Enhancing Climate Change Commitments to improve air quality and human health: Practical experience from the United Kingdom, and across Asia and the Pacific

(Tokyo)
Virtual

In this Asia Pacific Climate Week side event, government representatives from the UK, Cambodia, Japan, Pakistan and Vietnam, as well as representatives from the UK National Centre for Atmospheric Science, Stockholm Environment Institute, the Institute for Global Environmental Strategies, and the Climate and Clean Air Coalition provide lessons and insights in updating NDCs and related policies. The discussion will focus on three key questions:

  • Why was it important for their country to update their NDC to include action on SLCPs and air pollution benefits from climate change action?
  • Practically, what process was followed in the NDC update, how did this process work across relevant agencies and engage a broad range of stakeholders, and provide the basis for including SLCPs and air pollution benefits in the update NDC?
  • What are the next steps? Now that their country has clearly articulated objectives on SLCPs and air pollution benefits in their NDC, how can they be made a reality?

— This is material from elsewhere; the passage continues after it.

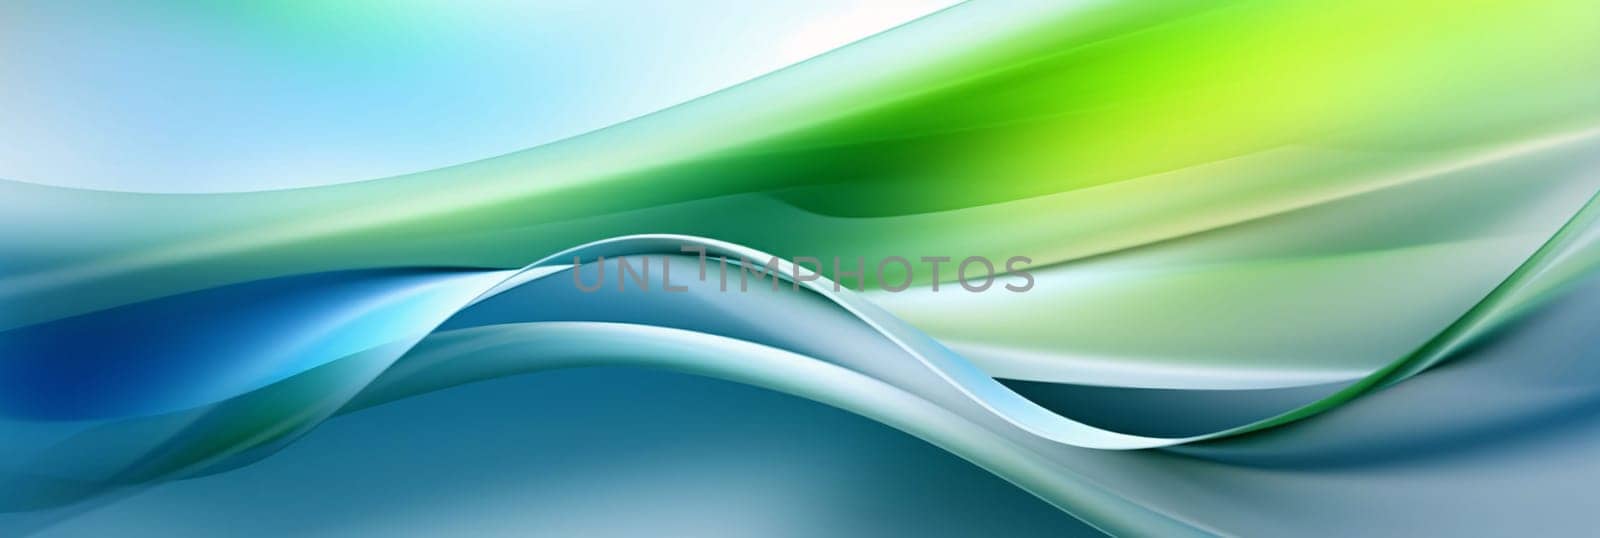 Abstract background design: Abstract background, flowing liquid style colors mixing together on light backdrop. Vector illustration
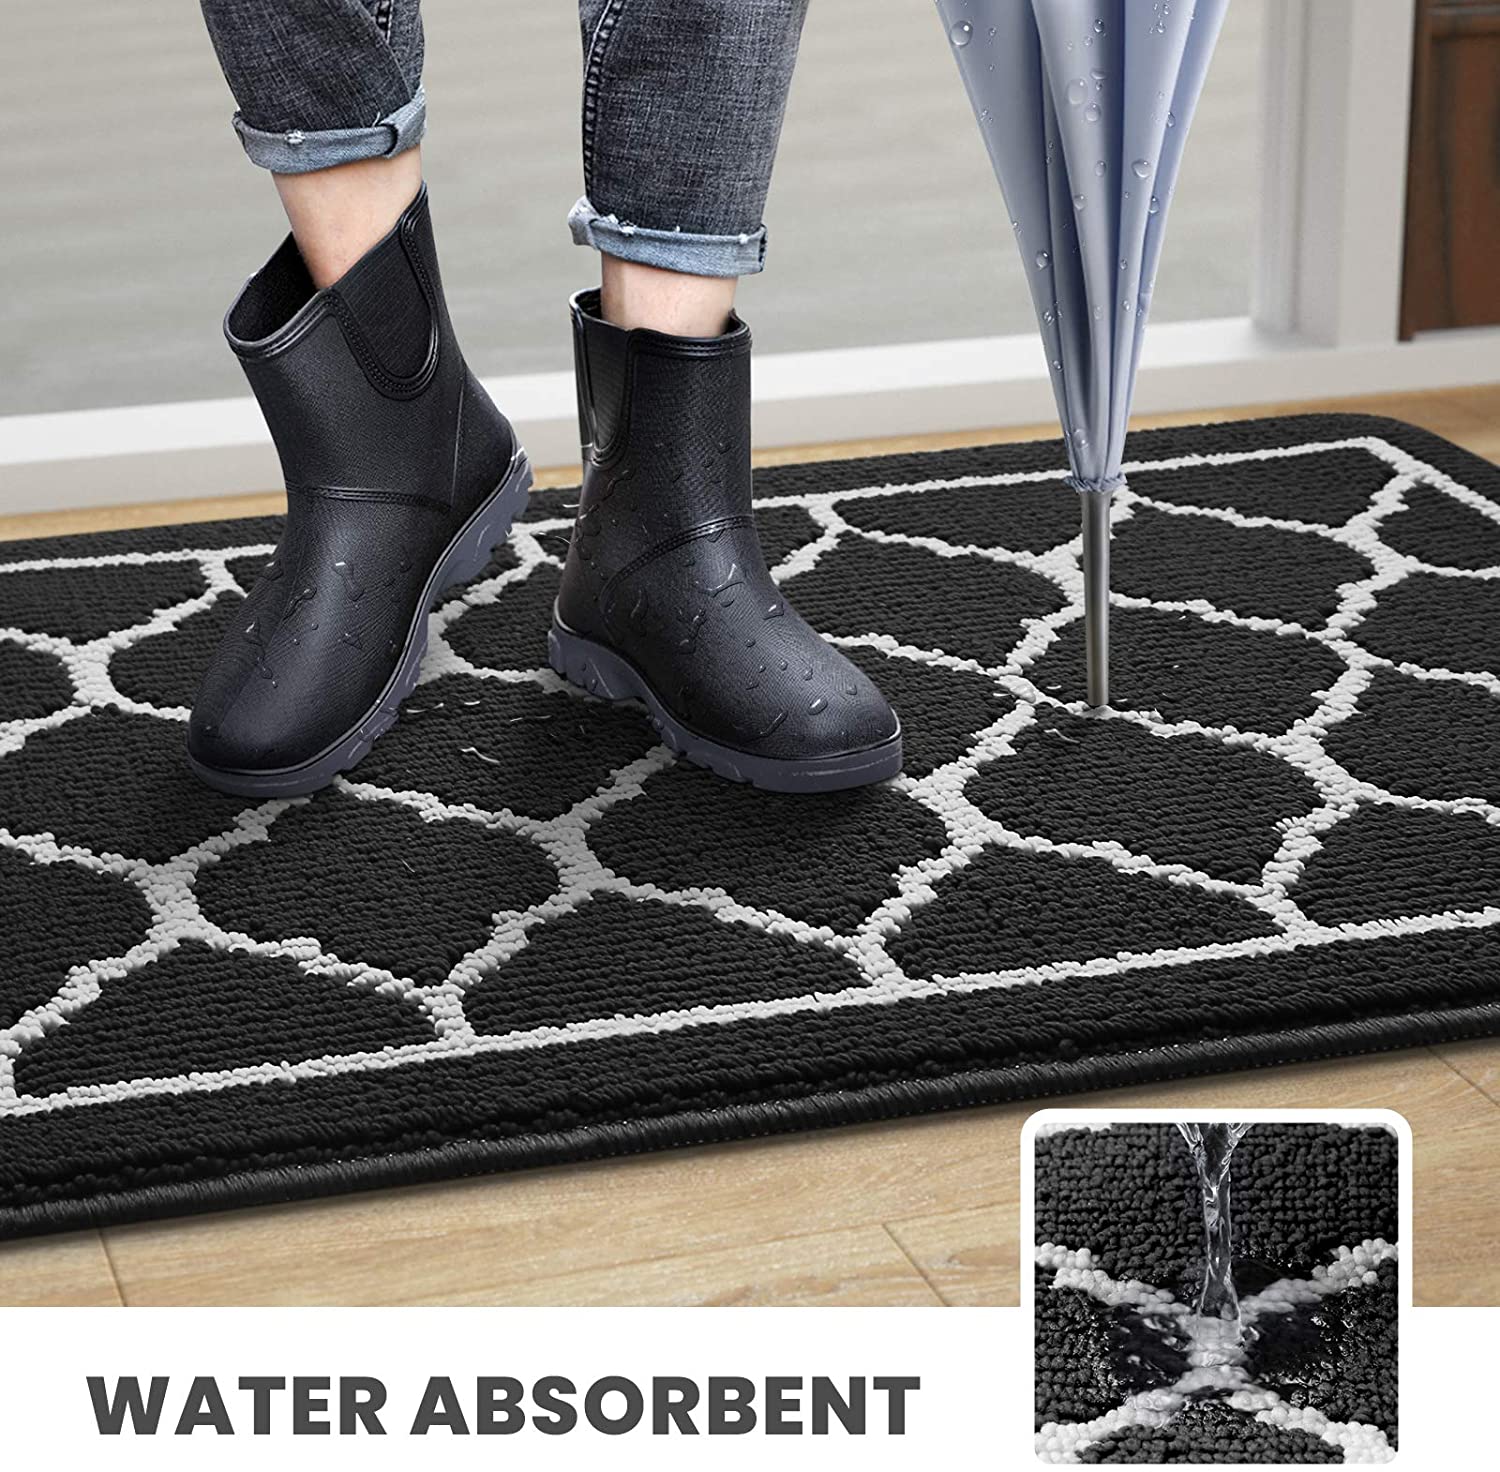 Entrance Mat Indoor and Outdoor Front Door Mat Entry Rug for Home

The aim of this session is to highlight practical ways in which air pollution, and SLCPs can be integrated into climate change plans; to engage other countries in the region, and more widely, to increase their ambition by considering local health benefits. The session also aims to provide insights into the next steps for how these benefits can be taken forward to implementation. Finally, the session will also highlight the latest research on the range of co-benefits from climate change mitigation that can be quantified and evaluated within climate change planning, including broader health benefits from diets, water and sanitation, and economic benefits.

Why this is important

In 2019, 6.6 million premature deaths were attributable to air pollution exposure. In 2020, in many locations, air quality improved due to lockdown measures intended to combat the COVID-19 pandemic. However, as economies have restarted, air pollution levels rebounded. These rebounds underscore the need for actions that can sustainably reduce air pollution. Some of the most sustainable actions not only reduce air pollution and improve health but also mitigate climate change. In fact, studies estimated over 1 million premature deaths could be avoided annually if actions are taken globally to limit global temperature increases to ‘well below 2ºC’. In Asia-Pacific, the 2018 Air Pollution Solutions Report estimated that implementation of the top 25 ‘clean air’ actions could allow 1 billion people to breathe air below WHO air quality guidelines, while at the same time reducing global temperature increases by 0.3°C.

These health benefits are achieved from climate change mitigation actions for two reasons. First, air pollutants share many of the same sources as greenhouse gases, and therefore many actions that target major GHG emitting sources also reduce the co-emitted air pollutants. Second, a subset of pollutants, called Short-Lived Climate Pollutants (SLCPs), including black carbon, and methane, directly contribute to air pollution and its health impacts, and to global temperature increases.

For these health benefits to be realised, however, they need to be prioritised and reflected in countries’ climate change commitments (Nationally Determined Contributions, NDCs). In 2015, this rarely happened: only a few countries included SLCP mitigation, or air pollution benefits from climate change mitigation in their NDCs. But, as countries are now updating their NDCs, there is a notable change. The United Kingdom, who hold the incoming COP26 Presidency, submitted their first NDC, and specifically identified health and air pollution as key criteria in determined their decarbonisation pathway. In addition, several countries in Asia and the Pacific are taking practical steps to identify and prioritise those actions that can simultaneously reduce air pollution, improve health while mitigating climate change. In 2020, Bangladesh, and Mongolia, alongside other countries in Asia and the Pacific submitted updated NDCs, that increase their climate change mitigation ambition, and include targets, actions and activities that focus on achieving local air quality benefits and meeting international climate change commitments.